Gwen Jorgensen capped the most dominant season in the six-year history of the World Triathlon Series, winning the Grand Final by passing 19 women and erasing a 69-second deficit on the final 10km running portion in Edmonton on Saturday.
She wasn’t satisfied with her overall performance.
“Hopefully I can execute a little better in the upcoming years,” Jorgensen said shortly before popping the cork off a champagne bottle to commemorate her first World Championship. “I know that I have work to do still.”
Jorgensen swam, biked and ran across the Alberta city in 2 hours, 5 seconds, shaking her head after crossing the finish line 16 seconds ahead of New Zealand’s Andrea Hewitt.
“I was thinking I made that really difficult for myself,” at the end, Jorgensen said. “In the middle of the race, I thought there was no way I was going to win it.”
Jorgensen did win her fifth straight World Triathlon Series event, a feat never done by a man or woman in the series’ short history. She only needed to end up 16th to clinch the overall World Championship, which accumulates points from results over the course of the season.
She finished the season with the highest point total in World Triathlon Series history with 5,085, becoming the first man or woman to break the 5,000-point barrier. The margin between Jorgensen and second-place Sarah Groff, also American, was 1,098 points.
The previous record margin was 650 points, by Spain’s Javier Gomez in 2010. The margin separating Jorgensen from second place is greater than the margin separating second place from sixth place.
Jorgensen, 28, is also the first U.S. man or woman to win a World Championship since Sheila Taormina in 2004. The best U.S. finish in an Olympic triathlon, since the sport debuted in the program in 2000, is third.
Jorgensen’s path to victory in Edmonton wasn’t out of character. She’s the greatest triathlon runner on the planet and proved it again Saturday. Jorgensen was 15 seconds behind after the 1500m swim and trailed by 69 seconds after the 40km bike.

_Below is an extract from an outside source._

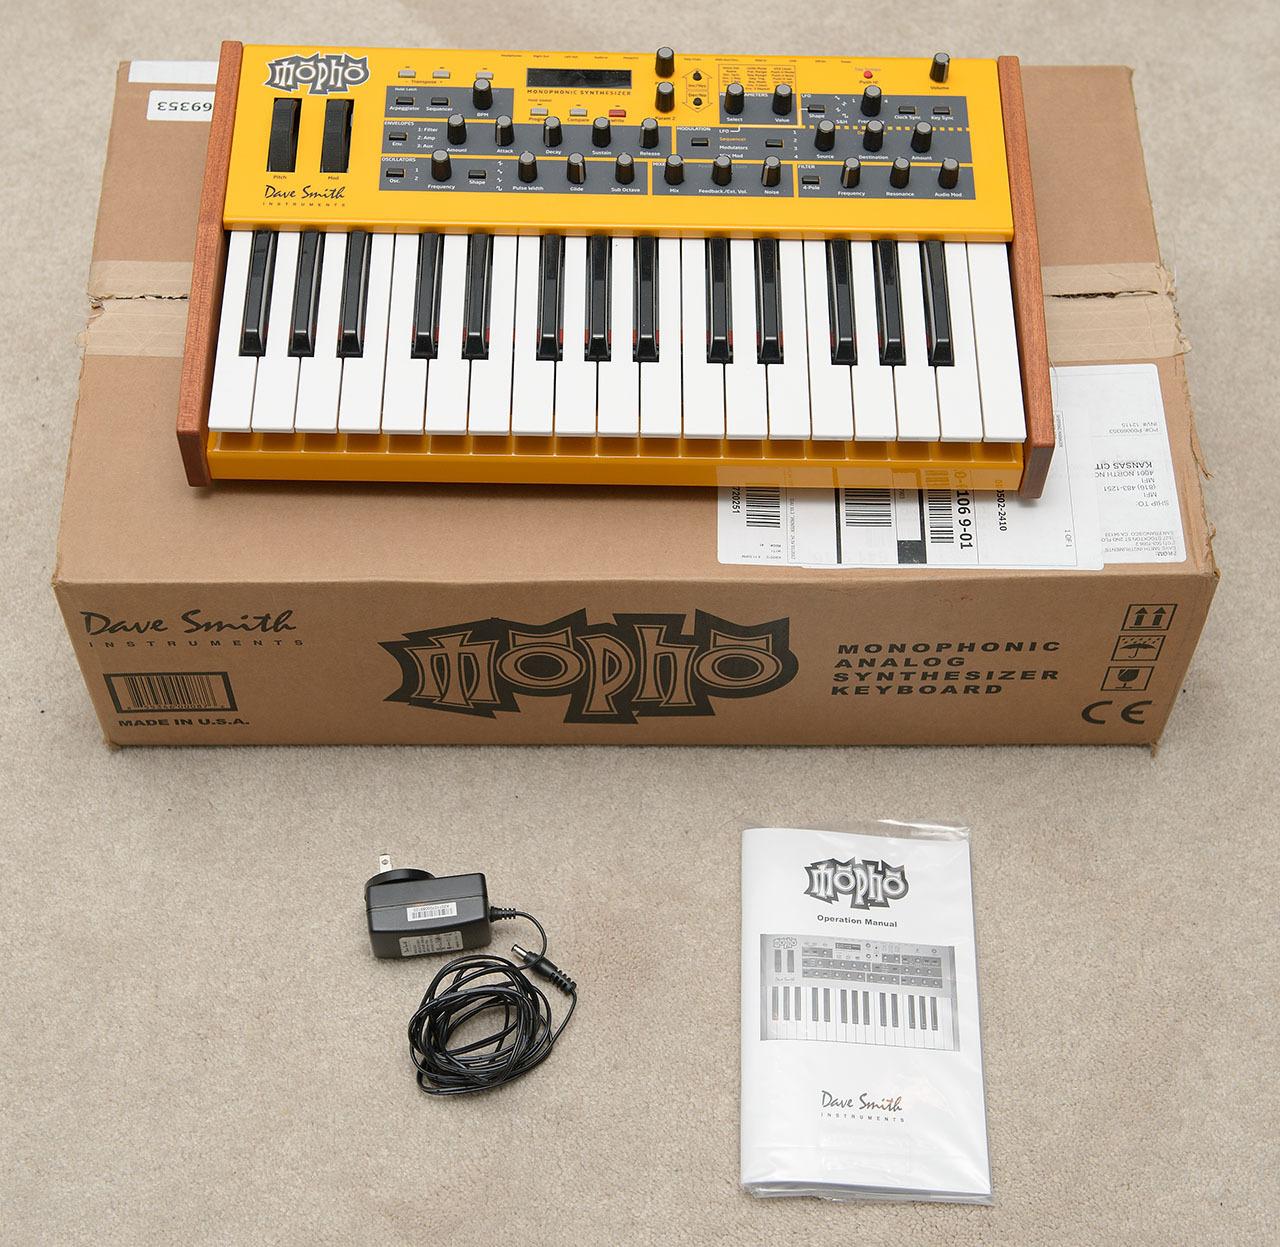 matrixsynth dave smith instruments mopho keyboard with original box rh matrixsynth com dsi tetra manual pdf dave smith mopho keyboard manual

“I have to go back to the drawing board [in the swim and bike],” Jorgensen said. “I didn’t execute like I do in training.”
But Jorgensen, a former swimmer and track and cross-country runner at Wisconsin, came in averaging running the 10km 67.5 seconds faster than the field in 10km runs this year.
Knowing that, what would she have said if told before the race she needed to pass 19 women and make up 69 seconds on the run?
“Please, I don’t want to do it that way,” said Jorgensen, who took up triathlons four years ago after being recruited away from an accounting job at Ernst & Young by USA Triathlon. “That’s definitely not the way I wanted to win. I got off the bike and started [running], and my legs were heavy. They felt awful. I don’t think they’ve felt that bad all year.”
It must have felt worse, then, for the women she left behind.
“I just tried to stay relaxed,” Jorgensen said. “I knew it was going to be difficult.”
Jorgensen needed about 7.5km to catch and pass the two New Zealand leaders on the run. For the entire 10km, she ran 63 seconds faster than the next fastest woman of the 47 finishers.
Jorgensen credited countrywoman Sarah Haskins. Haskins was essentially a domestique for Jorgensen on the latter stage of the 40km bike ride, setting the pace to keep Jorgensen from losing more time to the lead group of 18 women.
“I couldn’t have done it today without Haskins,” Jorgensen said.
Haskins, who has dealt with injury this season, didn’t finish the race Saturday.
“I owe her a lot,” Jorgensen said.
What’s next for Jorgensen? She’ll go home to Minnesota after training the previous eight months based in Australia and Spain. She’s set to get married Oct. 4, and then set out new goals for 2015.
In 2016, she will no doubt be eyeing Rio de Janeiro after her Olympic debut in London was punctured by a flat tire.
“This year’s [goal] was to do well in the series overall,” Jorgensen said. “Goal accomplished.”